:: EXERCISE DATA ::

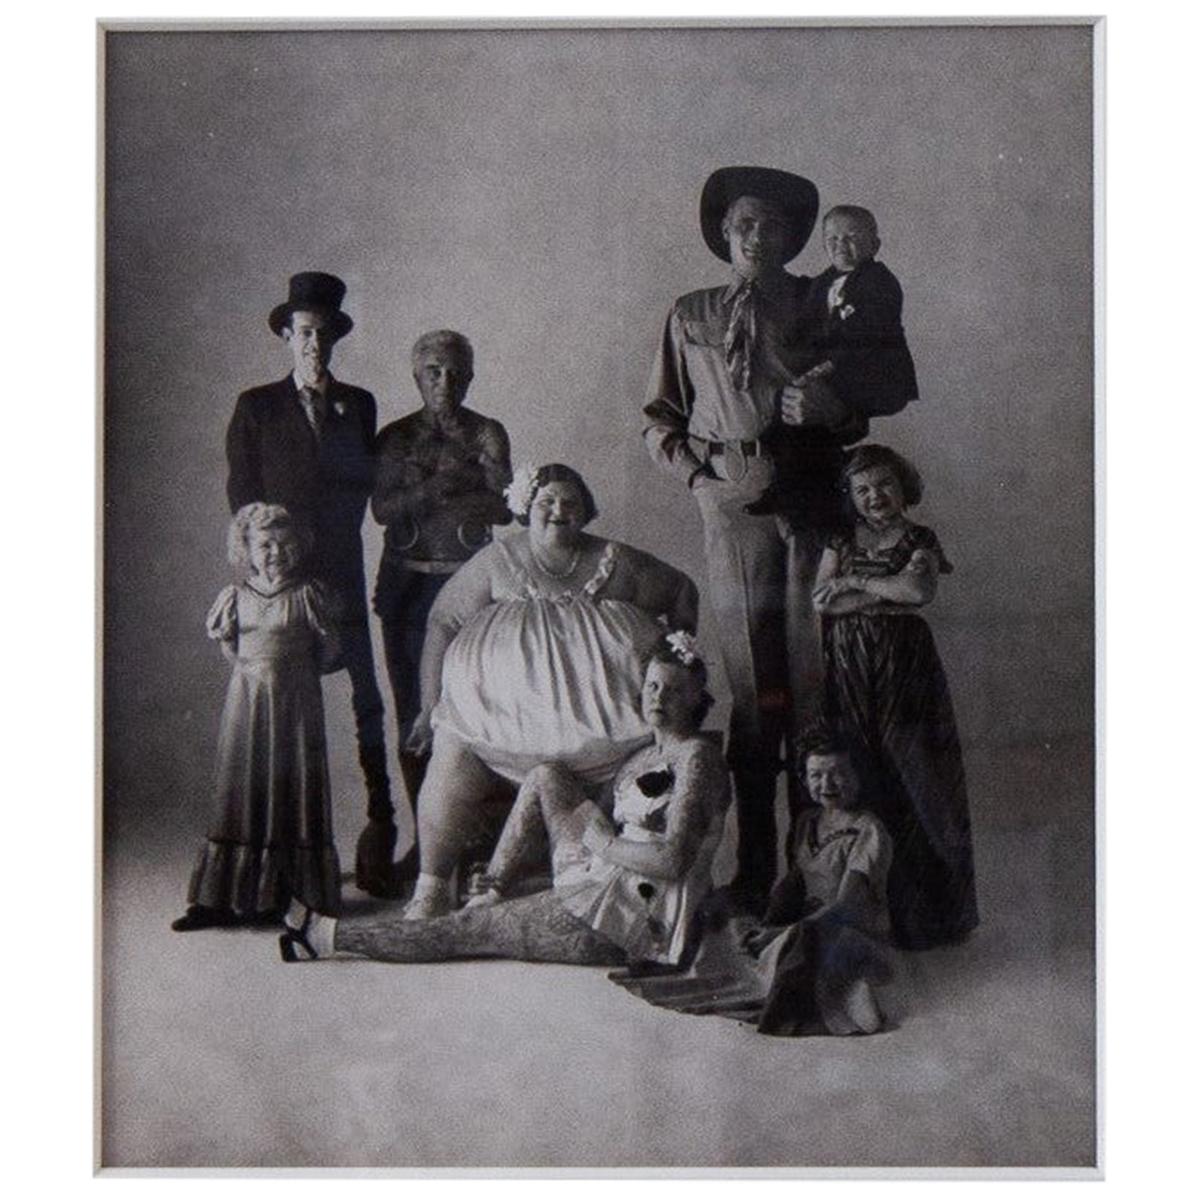 Gelatin Silver Photograph titled 'Circus People' by Irving Penn, 1947
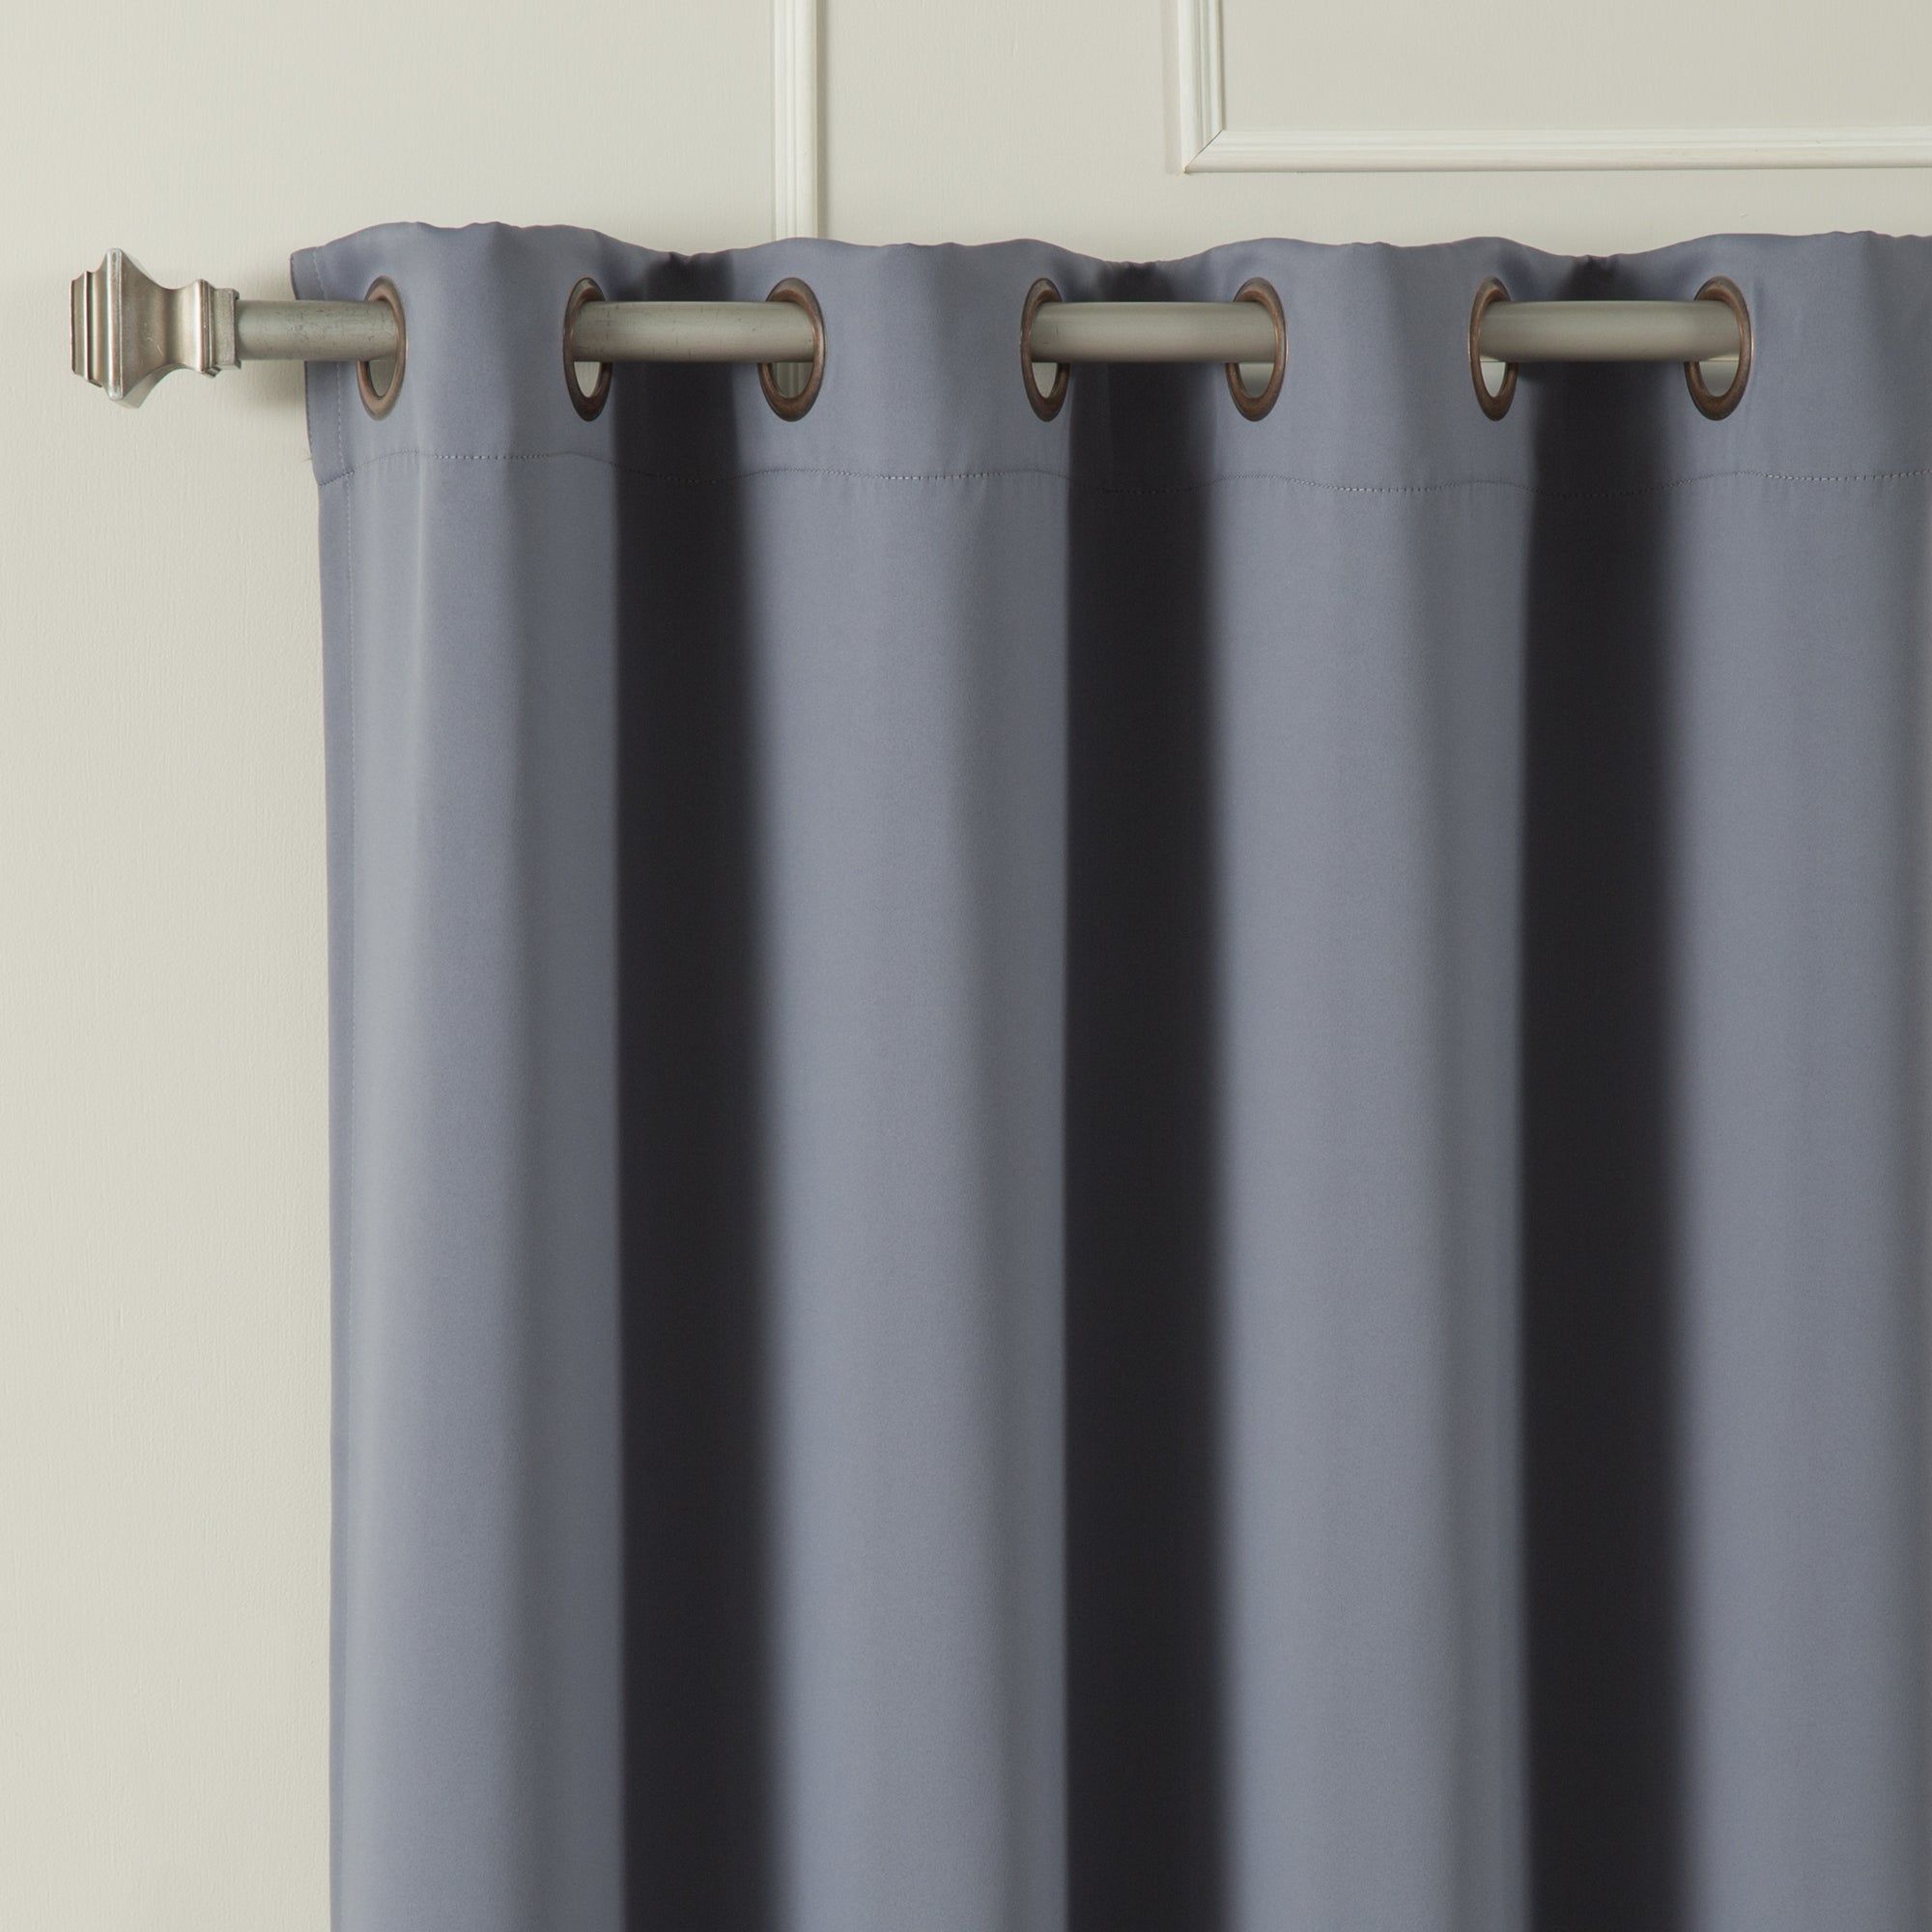 Aurora Home Antique Silver Grommet Top Thermal Insulated Blackout Curtain  Panel Pair Within Antique Silver Grommet Top Thermal Insulated Blackout Curtain Panel Pairs (View 6 of 20)
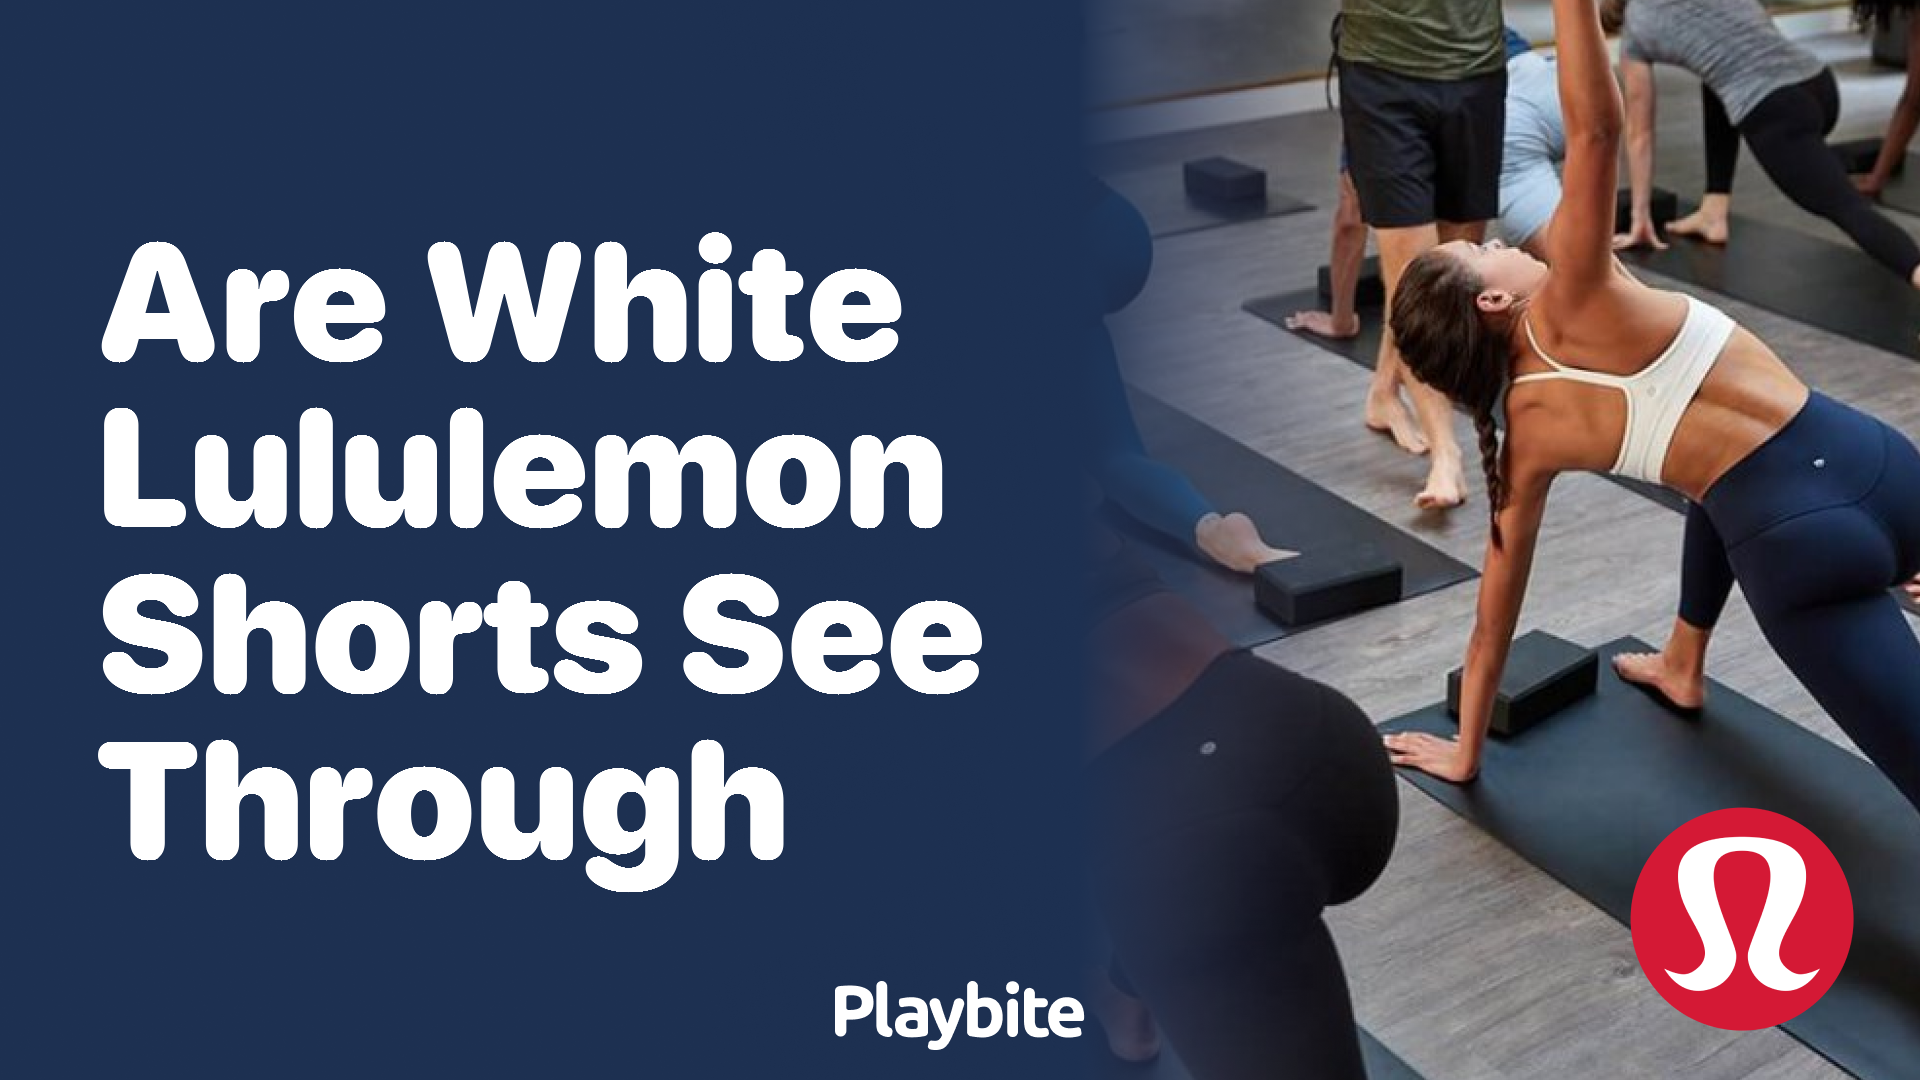 Are White Lululemon Shorts See-Through? Let's Find Out! - Playbite

:: ASSIGNED TASK ::
Keep pictures out and return the lines from the one containing "Aurora Home Antique" through the end of the listing, both included, character for character.

:: EXERCISE RESPONSE ::
 Aurora Home Antique Silver Grommet Top Thermal Insulated Blackout Curtain  Panel Pair Within Antique Silver Grommet Top Thermal Insulated Blackout Curtain Panel Pairs (View 6 of 20)
 Are White Lululemon Shorts See-Through? Let's Find Out! - Playbite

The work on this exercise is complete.